An individual or organization can hold one or more of these stewardship roles; and some strategic redundancy in these roles can actually foster resiliency. There are likely many other roles essential to growing dynamic learning ecosystems. Every day, these roles are practiced by students, educators, school administrators, parents, local business owners, elders and others. They are largely invisible and, in most cases, not explicitly valued or recognized by society. Their actions often fall outside of traditional job descriptions and into the sphere of stewarding “public good.”

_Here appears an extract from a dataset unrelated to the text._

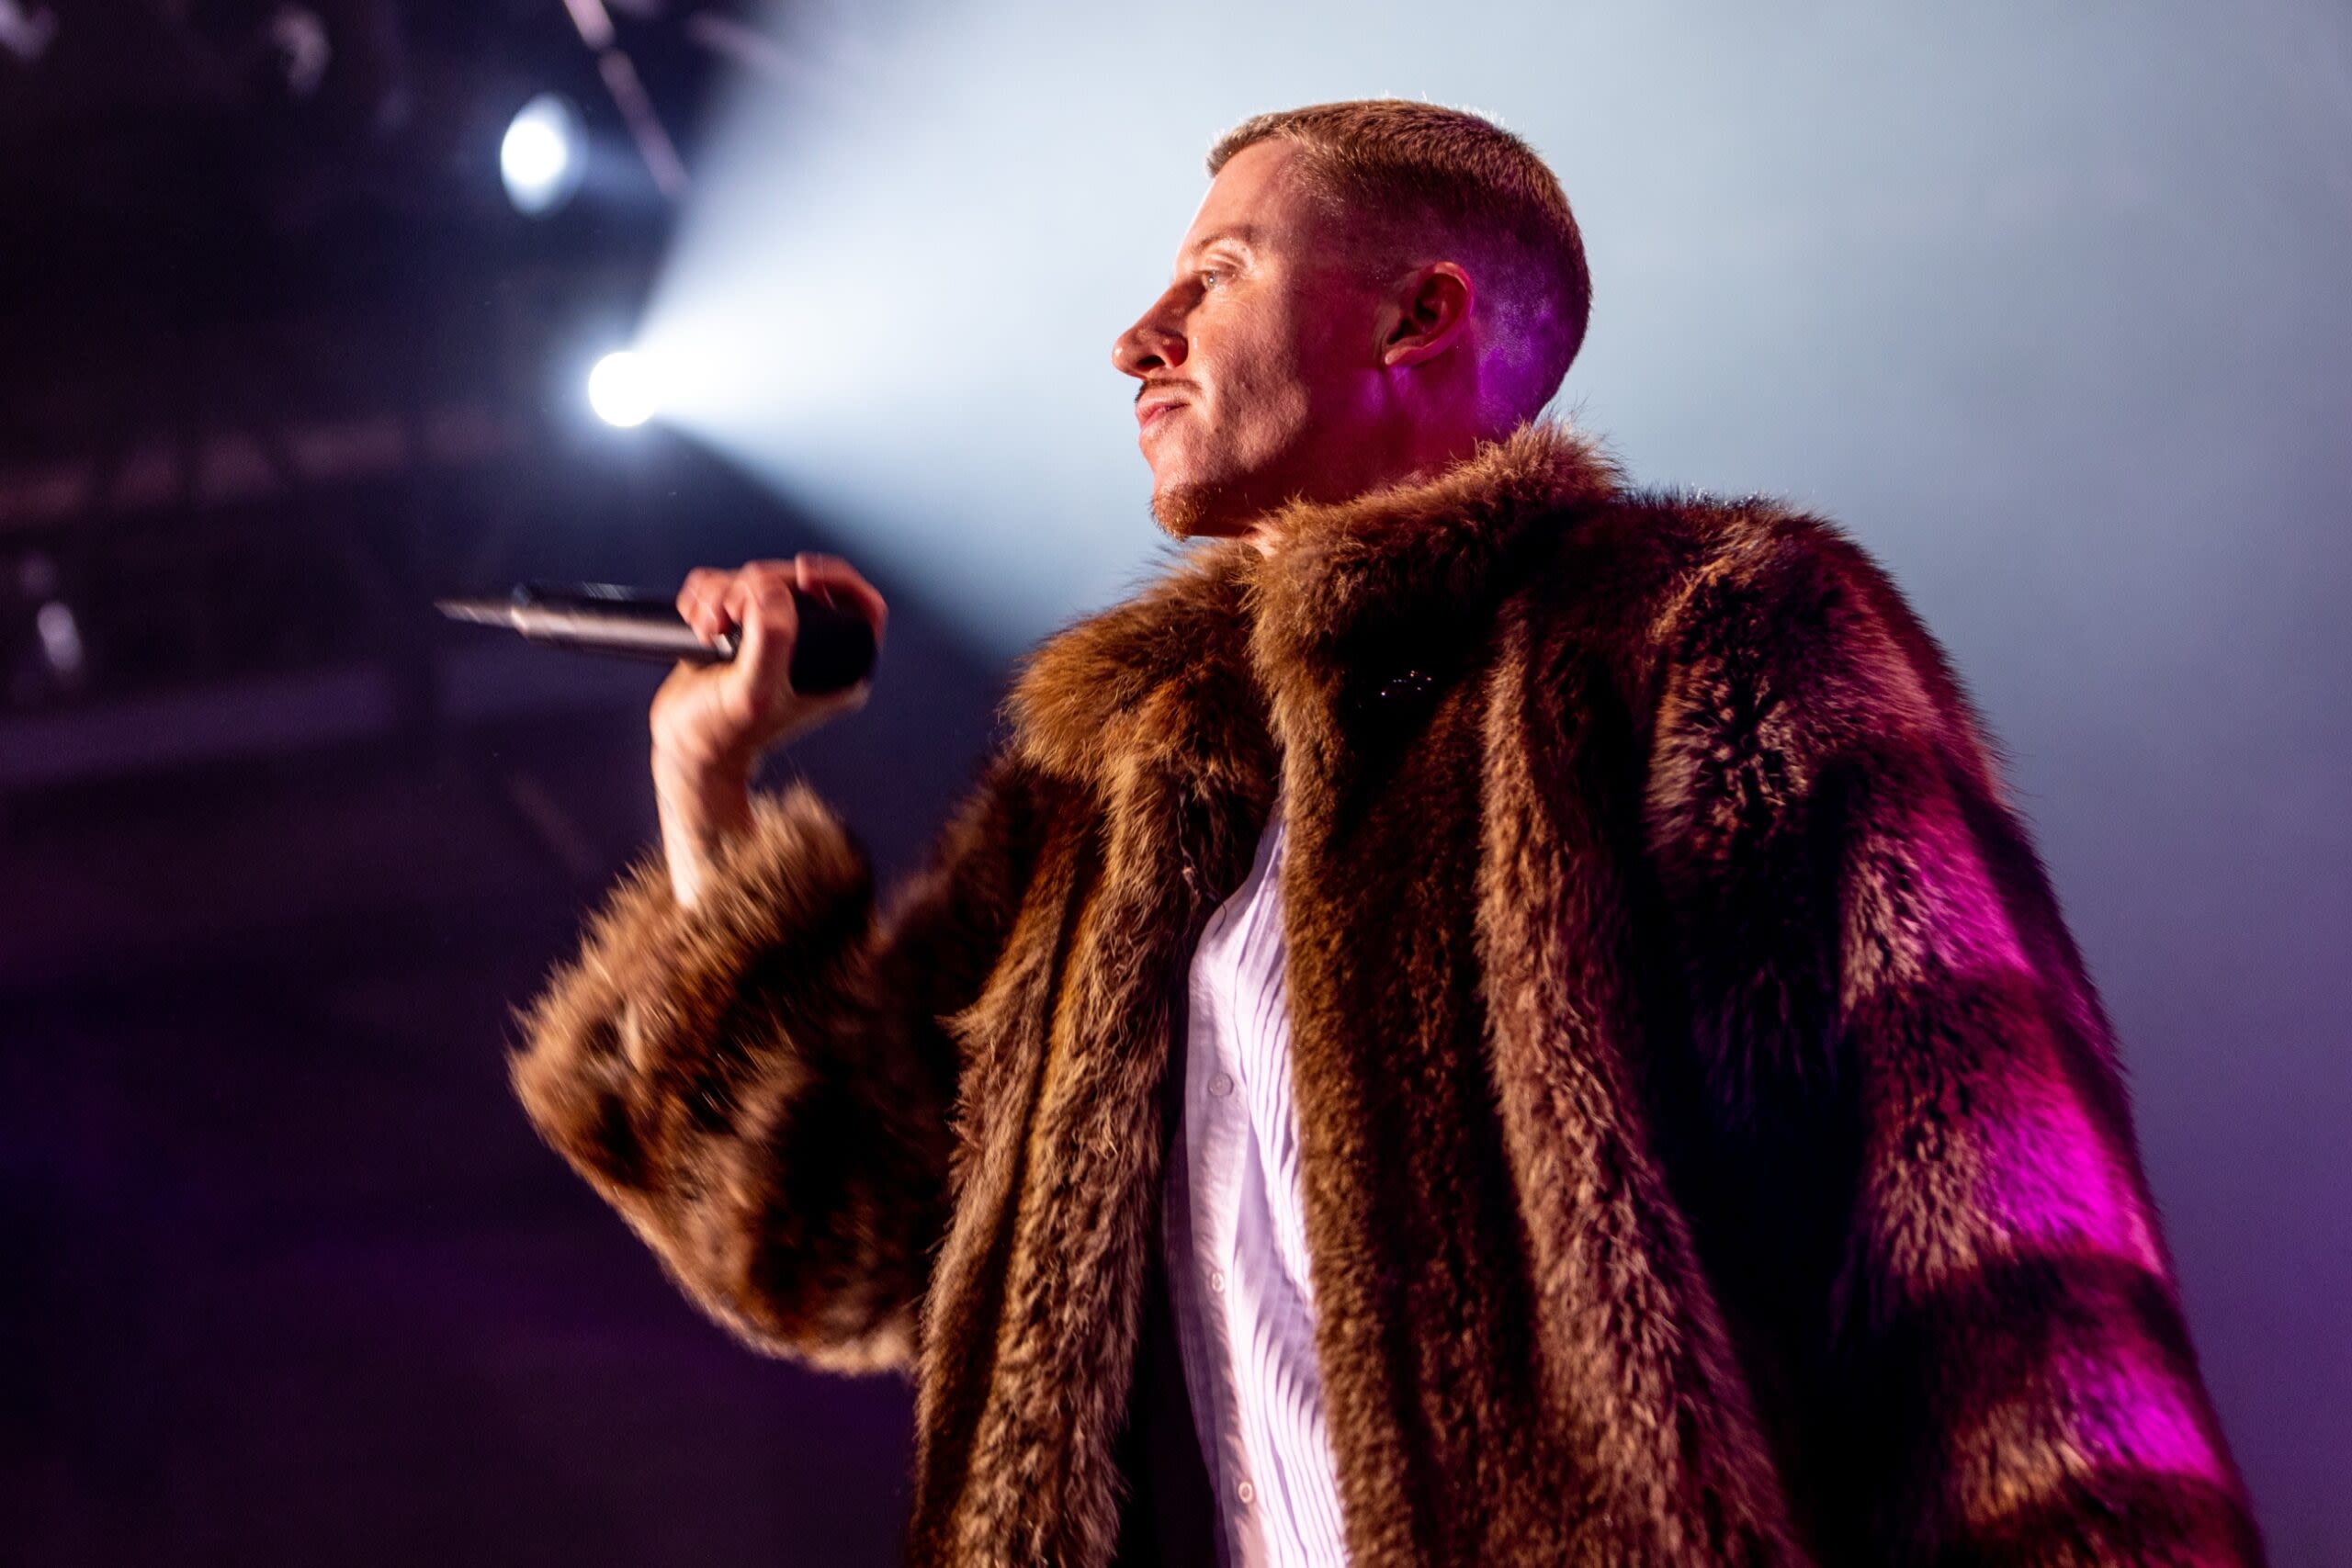 (Watch) In Germany, Macklemore Exploits the Holocaust to Rationalize His Antisemitism - Showbiz411

There are no recipes, lists, or templates for what makes a robust steward or learning ecosystem, as every community and place holds its own story. Having said that, my colleagues and I have found that learning ecosystems seem to thrive when members practice an abundance mindset, a willingness to test assumptions and experiment with new ideas with humility and curiosity and see that systems change is only possible if we are willing to commit to our own development as educators and learners in the community.
Who knew lemurs had so much to say if we just listened? But after all, nature is our greatest mother of invention.